How a Trademark Dispute Arises Over Word “How”

When you hear the word “how” you typically don’t think of a brand, you think of a question, like “how do you do something?” Or perhaps a statement like “this is how it’s done.” But two companies have taken to using the word as a brand, one company for quite a bit longer than the other, and this overlapping use is causing a trademark dispute over this simple word.

Trademark dispute over word HOWDov Seidman is an author and consultant that focuses on helping companies develop a more ethical culture. Seidman suggests the central point of his ideas is distilled in the word “how.” He has written a book entitled, “How: Why How We Do Anything Means Everything.” To establish and protect his brand, he filed a trademark application on the word in 2008 in the classes of publications and educational services. He initially filed an intent-to-use trademark application. After Seidman filed a statement of use and showed use in commerce, the USPTO granted him a trademark registration for the mark HOW in 2012.

Everything was fine until a yogurt company came along. Chobani, a Greek Yogurt maker established in 2005, recently began using the tagline “How Matters” in several of its advertisements. The company’s ad campaign highlights how its yogurt is made and why the process makes it a superior product. Chobani is significantly invested in this branding and filed a trademark application on the term.

The campaign and trademark application are not sitting well with Seidman however, who has also used the phrase “how matters” in his writings.
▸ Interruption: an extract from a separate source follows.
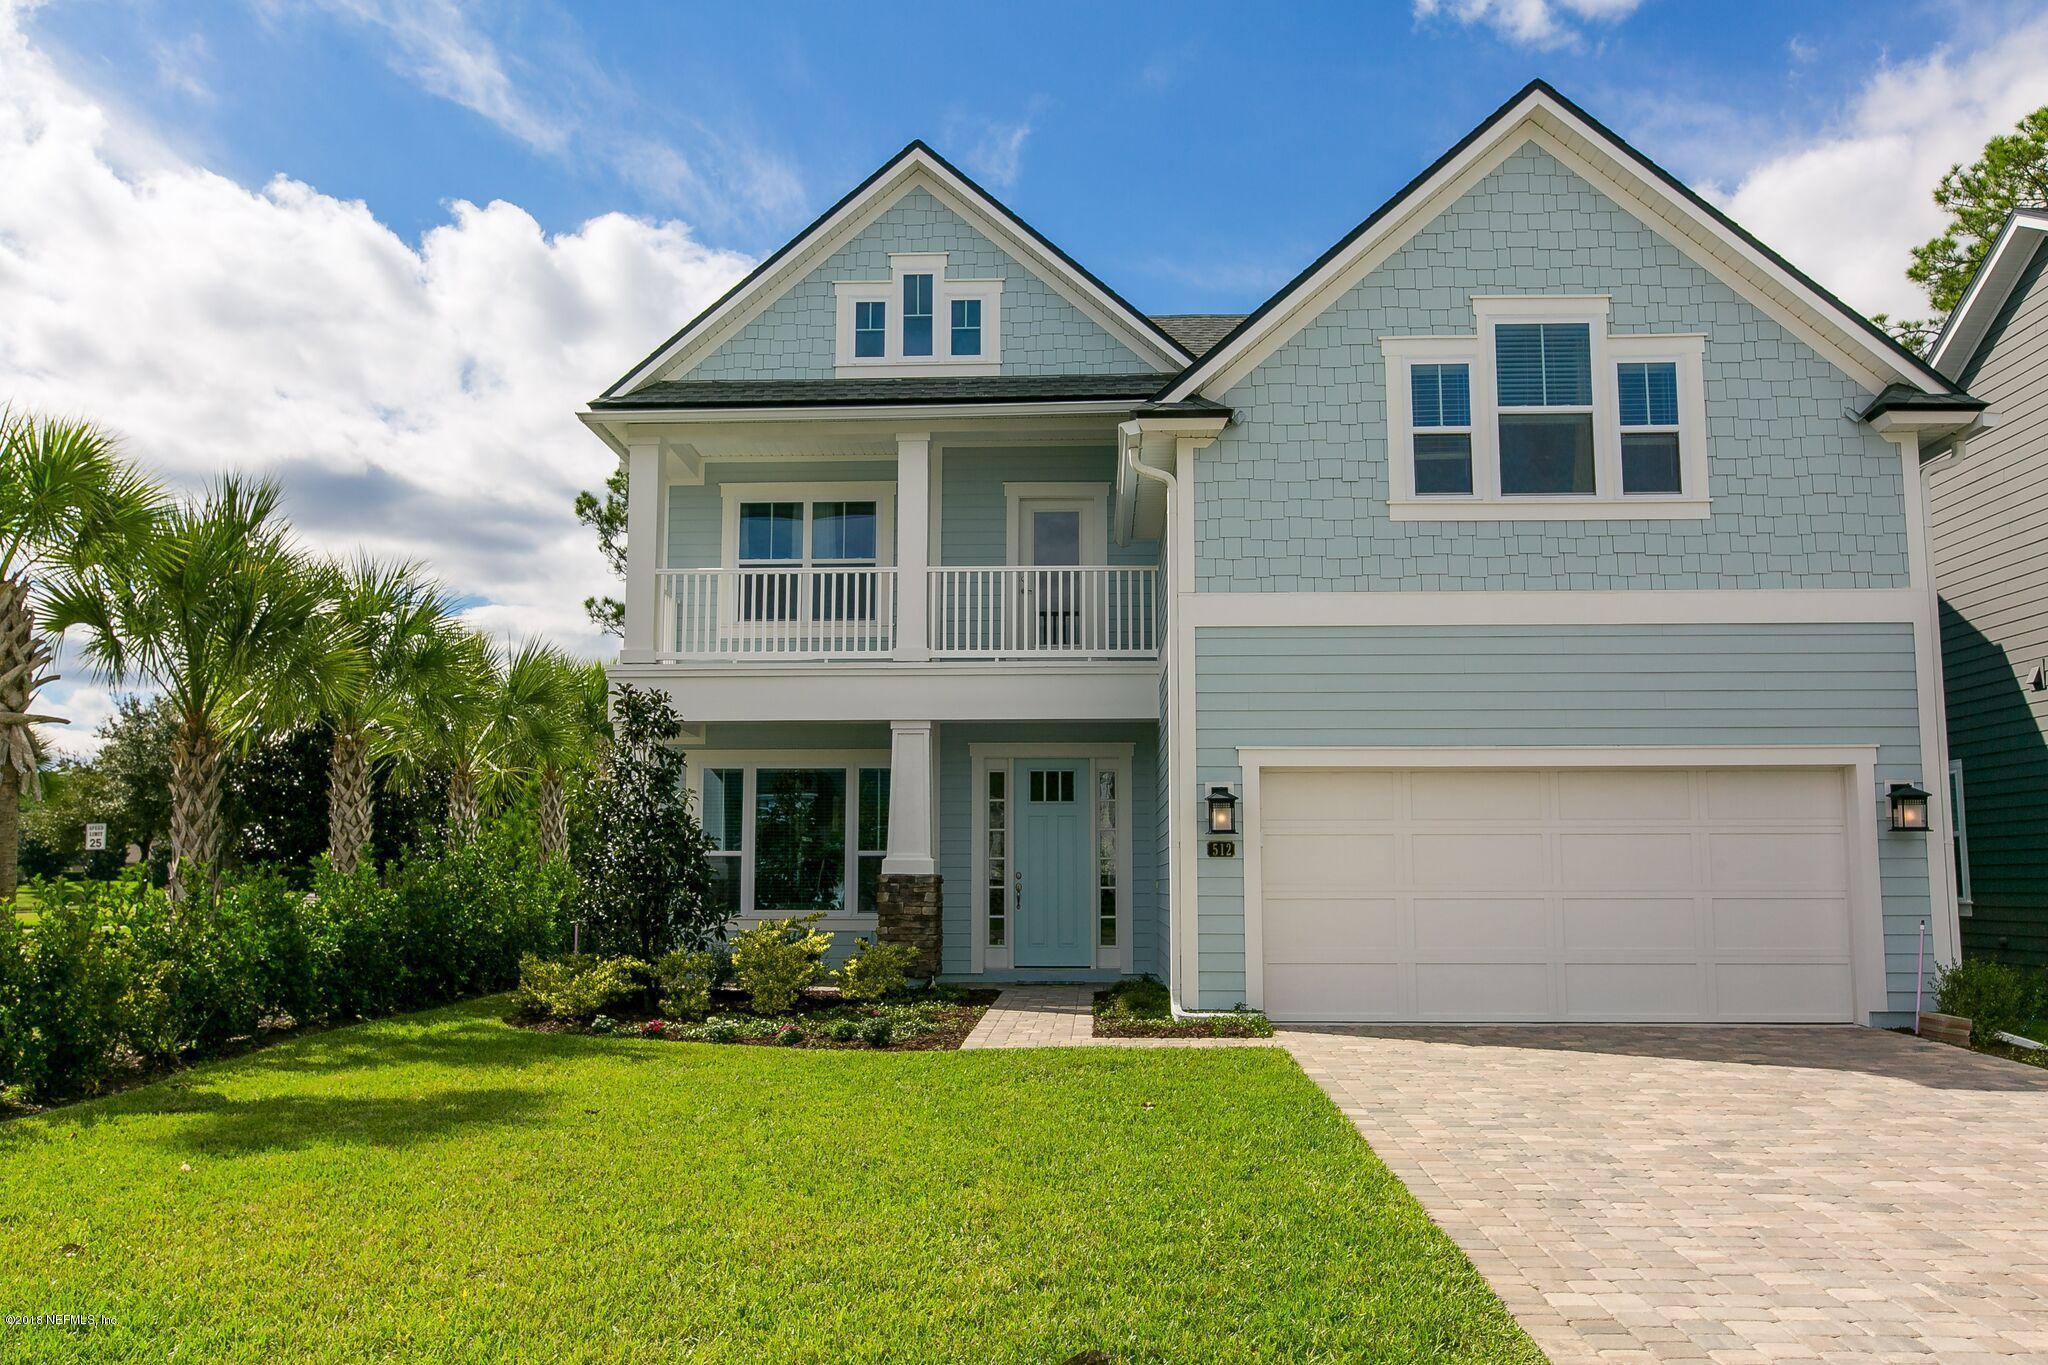 512 PELICAN POINTE, PONTE VEDRA BEACH, FLORIDA 32081, 4 Bedrooms Bedrooms, ,2 BathroomsBathrooms,Residential - single family,For sale,PELICAN POINTE,964955

Seidman has filed a trademark infringement lawsuit against Chobani and the ad agency, Droga5, which created the campaign, claiming its use of “how” infringes on his trademark registration and damages over 10 years spent building up his brand.

In response, Chobani and Droga5 claim that Seidman’s trademark registration should be canceled because it is too broad, questioning how one can protect such a generic word as “how.” There is a spectrum of distinctiveness affecting the strength of a trademark from generic words, which are the weakest and not registrable, to arbitrary or fanciful words that are typically the most distinctive and strongest marks.

While it will be up to the court to decide the strength of Seidman’s trademark registration, Seidman’s biggest problem may come from the fact that the two companies are in pretty different industries. The crux of trademark law is to protect against likelihood of consumer confusion. It’s not clear that a consumer would get confused between the brand of a corporate consulting company and a yogurt maker. It will be interesting to see what kind of arguments their trademark attorney makes to support the claim of likelihood of confusion.